Rating:  Summary: helped me seperate the depression from my husband Review: My husband got depression completely out of the blue a couple of years ago. He is 28 and we have been together for 7 years. Although I knew he 'had depression' it wasnt until reading this book that I really understood just how much of my husband's life and personality was affected by the disease. Reading this book helped me realise when it was the depression talking and how my husband was thinking. At the time, my husband had got into the routine of telling me I should leave him becasue he was worthless etc. It was breaking my heart. I was relieved and shocked to read about this exact scenario in Depression Fallout. Anne Sheffield has wriiten a remarkable book that will help the non-depressed spouse to understand what depression is doing, how not to take things so personally and how to communicate with the depressed partner in order to bring about change. It doesnt give false hope and isnt all doom and gloom either. This book really changed my life and has helped me to help my husband as well as myself. He is now well on the way to recovery and I really feel that this is in part due to my renewed understanding of his condition.
Rating:  Summary: Eye opener Review: This book was an eye opener for me. My spouse was dealing with depression, I was dealing with the fallout, and thought I was the only person in the world having this experience. It never occurred to me that I was experiencing what many others were also going through. It never occurred to me that depression could take its toll on the entire family, not just the depressed. I stumbled onto "Depression Fallout" website purely by chance, and after reading the information there and reading so many of the posts on the Message Board I knew I'd found the support I needed. Once I started reading the book, I could not put it down. Anne described my emotions and situation to a T. Everything I felt and thought while going through this experience was recounted in her book and I felt as if she were telling my particular story. Ms. Sheffield was able to capture the true effects of depression from her own experiences and from the experiences of other fallout sufferers. She gave me tools and strategies to use while coping with my depressed spouse, and laid it out in plain-spoken format.This is a MUST read for anyone living with a depressed partner, and even for those with depressed persons in their family.

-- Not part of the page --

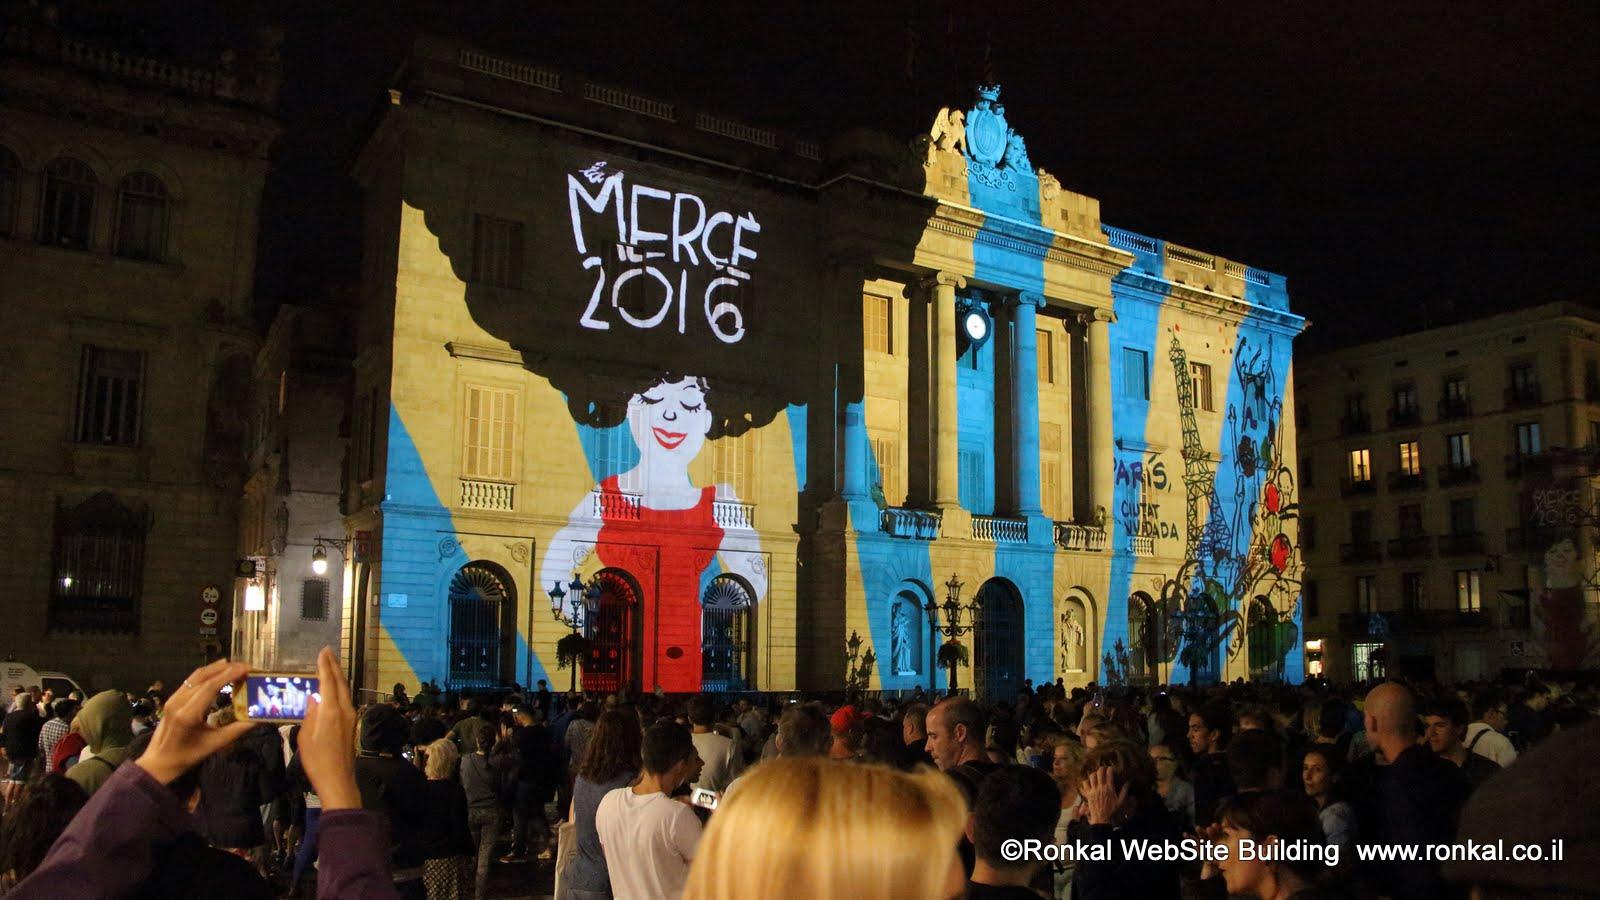 חגיגות לה-מרסה בברצלונה La Merce festival
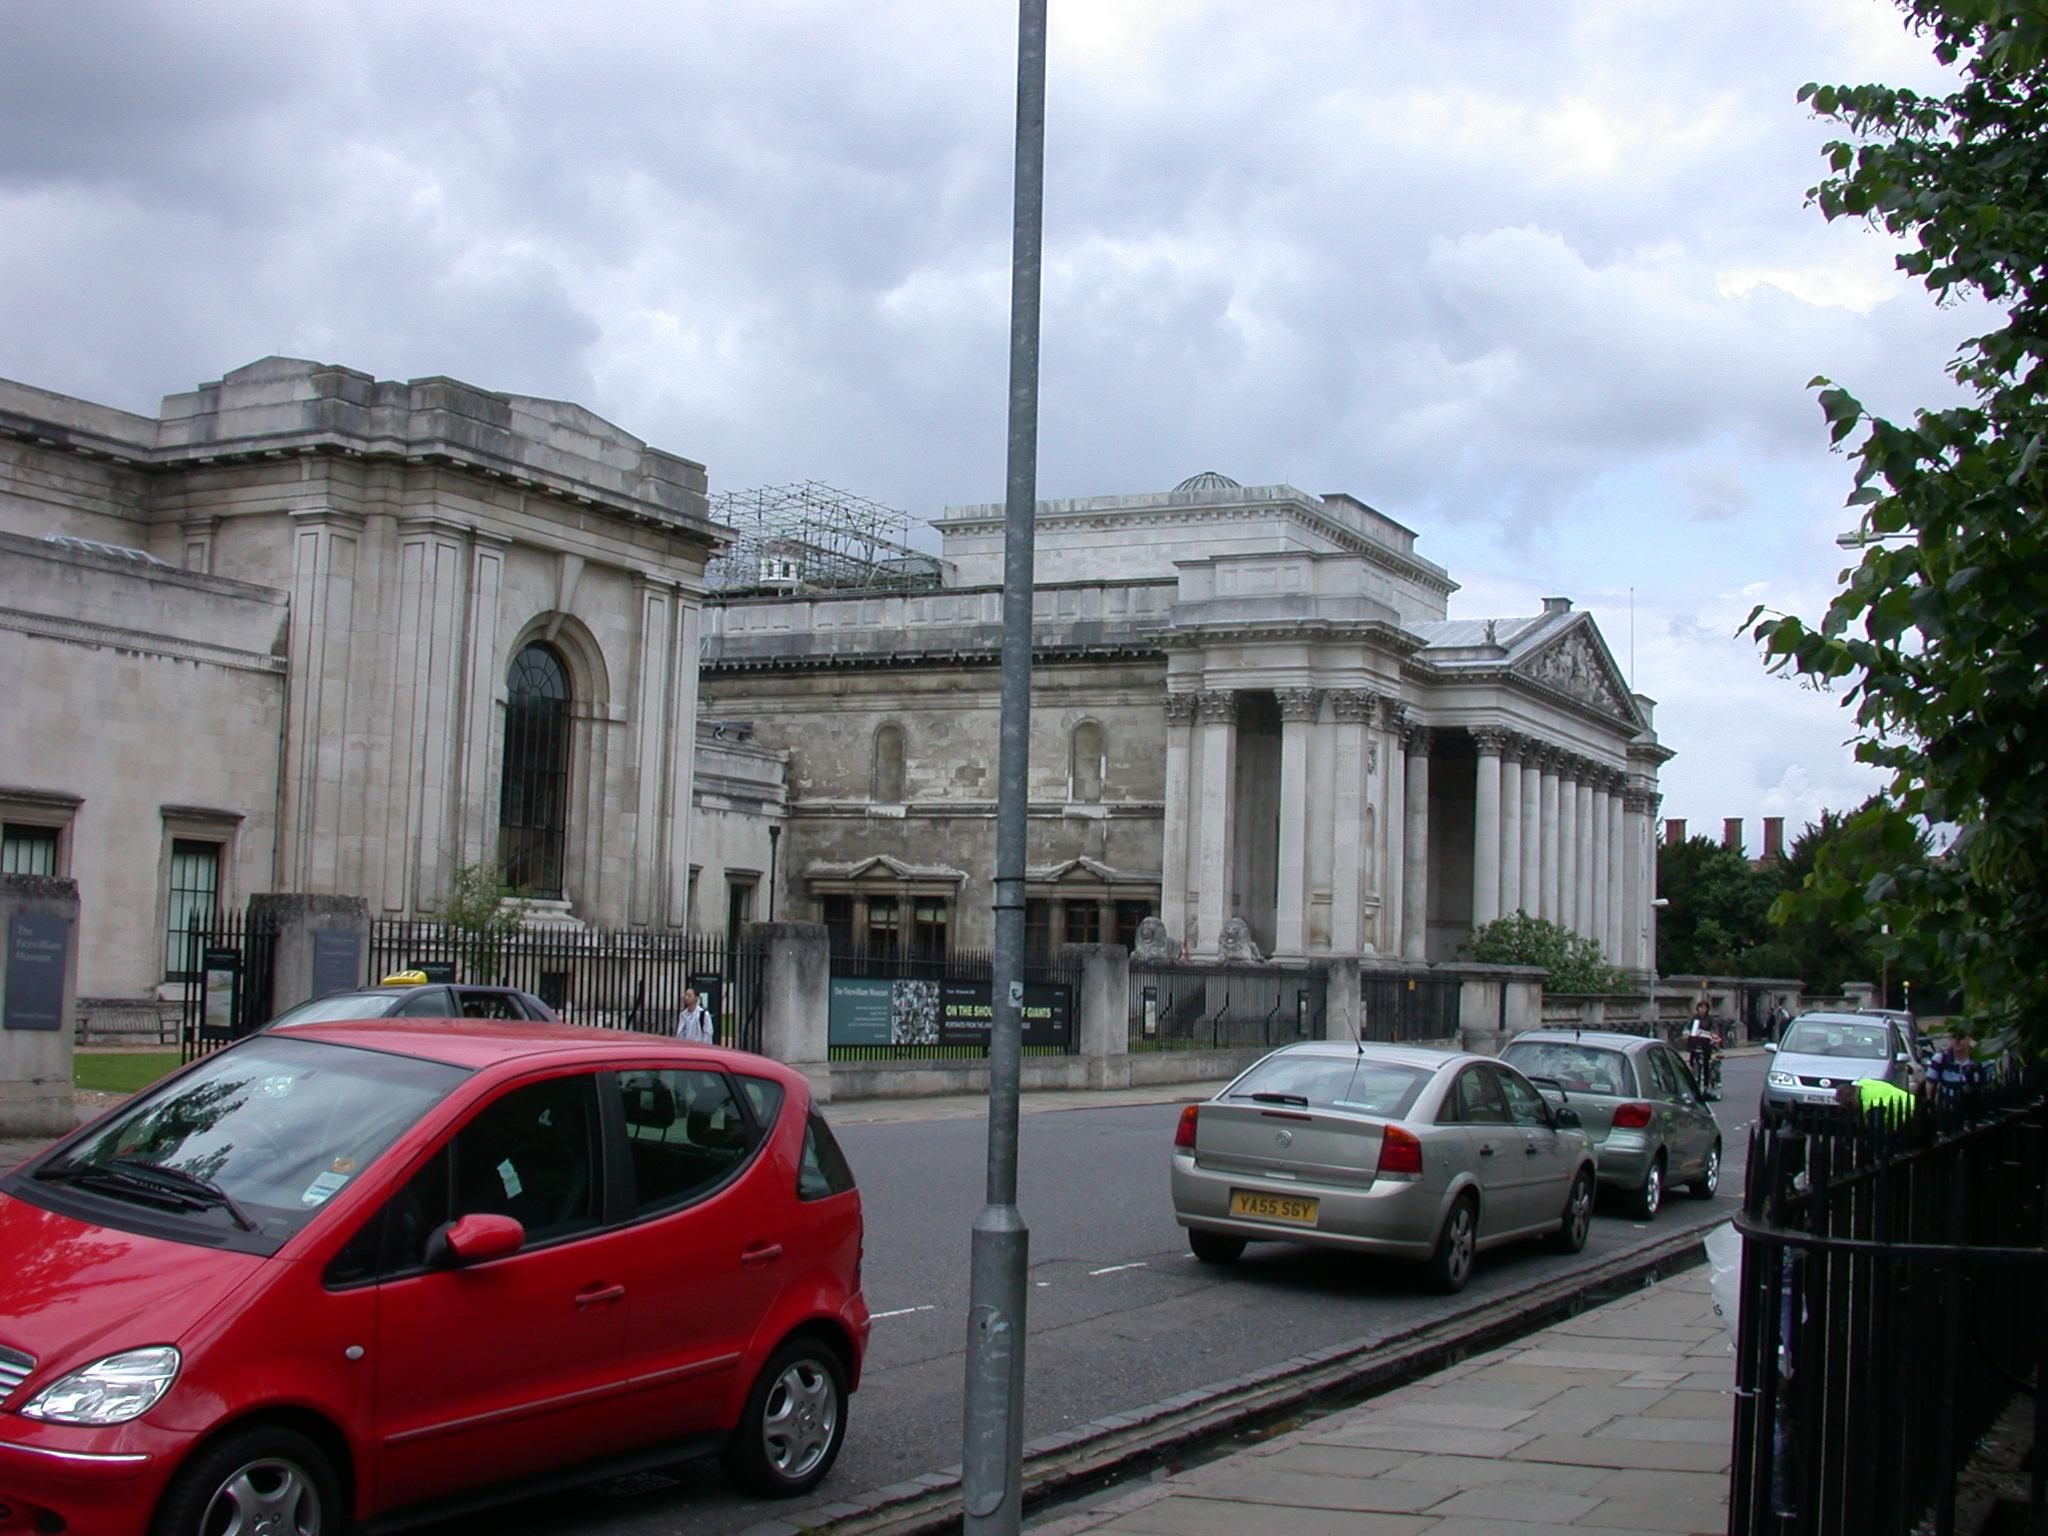 Fitzwilliam Museum, Cambridge, England

Rating:  Summary: The Key to Understanding Your Loved One's Depression Review: This book was exactly what I needed to help me understand my husband's depression. My world was turned upside down when he suddenly began to act like a different person. After his hospitalization, I was left wondering what happened. Upon looking up depression on tons of websites and in loads of books, I was convinced he had been misdiagnosed. The "sad, empty, lonely" description didn't explain the hostile, angry, and seemingly emotionless person I was now living with. All of that was explained in Depression Fallout. The "Unofficial Symptoms" in the book described my husband's behavior to a T. I felt like I was reading about us. My husband also agreed that this book contained the most accurate description of the way he felt, but could not easily put into words. The real life accounts of people who have lived with and are still living with this are great. It creates a true picture of depression from the point of view of both the depressed person as well as their spouse.